Dated at Masindi this **4 th** day of **March,** 2022.

**Byaruhanga Jesse Rugyema JUDGE**

#### **SENTENCE**

- [1] The accused person has been convicted of a very serious offence of murder that carries a maximum sentence of death. - [2] The convict is a first offender who murdered his wife. There is nothing on record as regards whether the couple had children. The convict is however aged 50 years and has been on remand since 17/2/2015. It is of course shocking that the deceased had to meet her death in the hands of her husband, the accused.
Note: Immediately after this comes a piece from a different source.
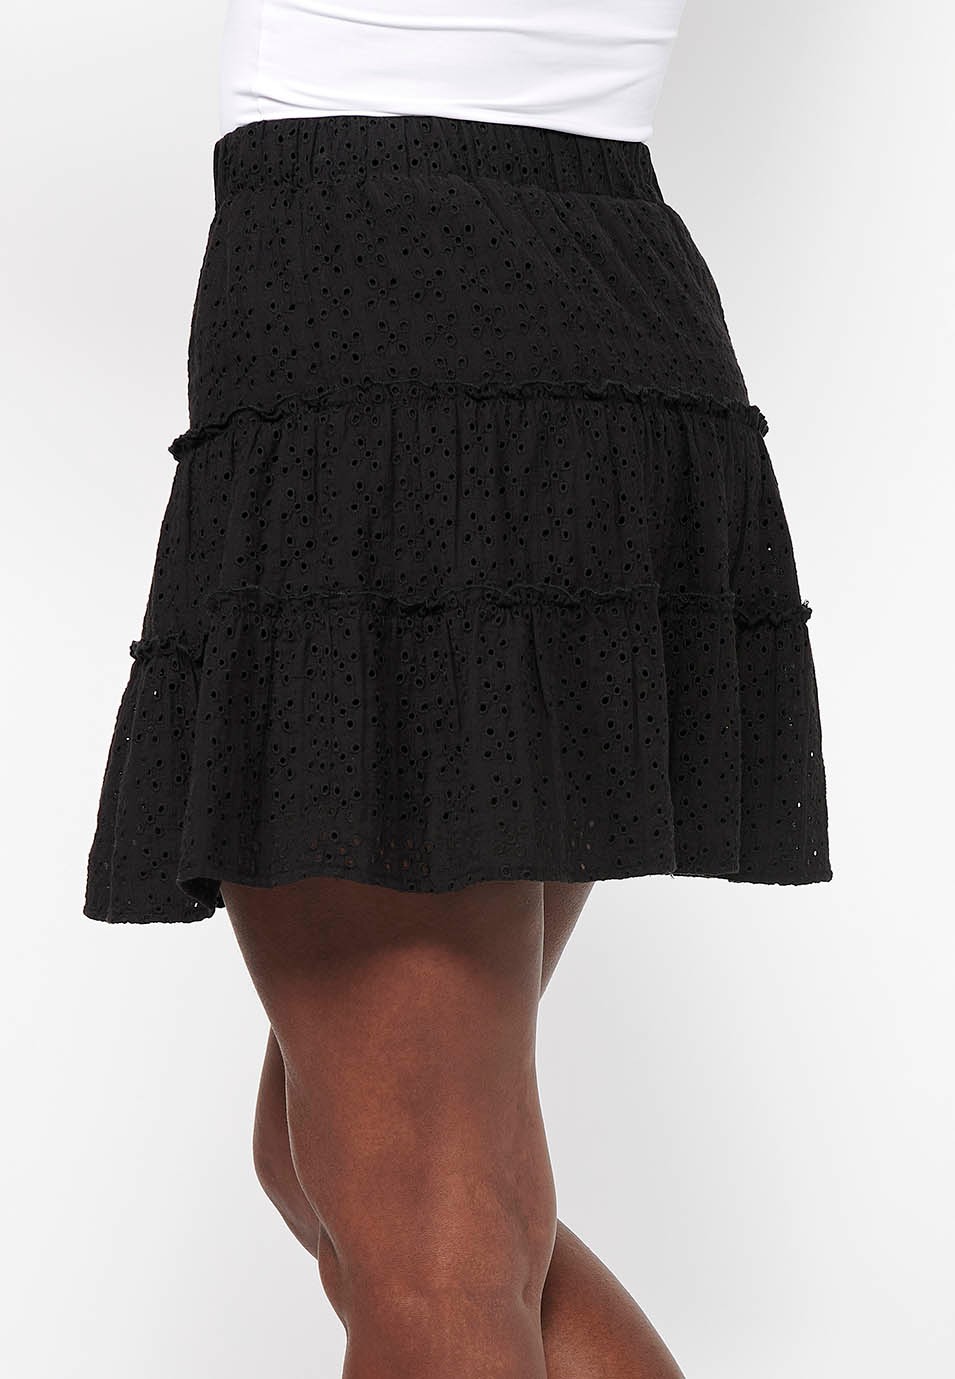 Short Cotton Skirt with Ruffle and Adjusted Waist with Elastic Band with Black Embroidered Fabric for Women 3

This goes into domestic violence cases which becomes an aggravating factor. The convict killed his wife by manual strangulation! - [3] It is now trite that court may only pass a sentence of death in exceptional circumstances, ie the rarest of rare cases, where the alternative of life imprisonment or other custodial sentence is clearly inadequate. It follows therefore, the death penalty may only be given where reform or rehabilitation is impossible; **Susan Kigula & Ors Vs A. G Constitutional Appeal No.3 of 2006.** - [4] In this case, the reform and rehabilitation of the convict is possible and it is apparent that the fact that the accused reported himself to police is a sign of regret and remorsefulness and therefore, he is capable of reforming. This is not a case of the rarest of the rare such as to persuade court to take the exceptional course of imposing the death sentence. - [5] As per the Sentencing Guidelines, the sentencing range for murder is from 30 Years imprisonment to death penalty upon consideration of the mitigating and aggravating factors. In the premises, upon considering the above mitigating and aggravating factors, I consider a **sentence of 30 years** as appropriate sentence for the convict. However, taking into account of the fact that the accused/convict has been on remand for a period of **7 years and 1 month,** he shall serve a sentence of **22 and 11 months**. Right of Appel explained.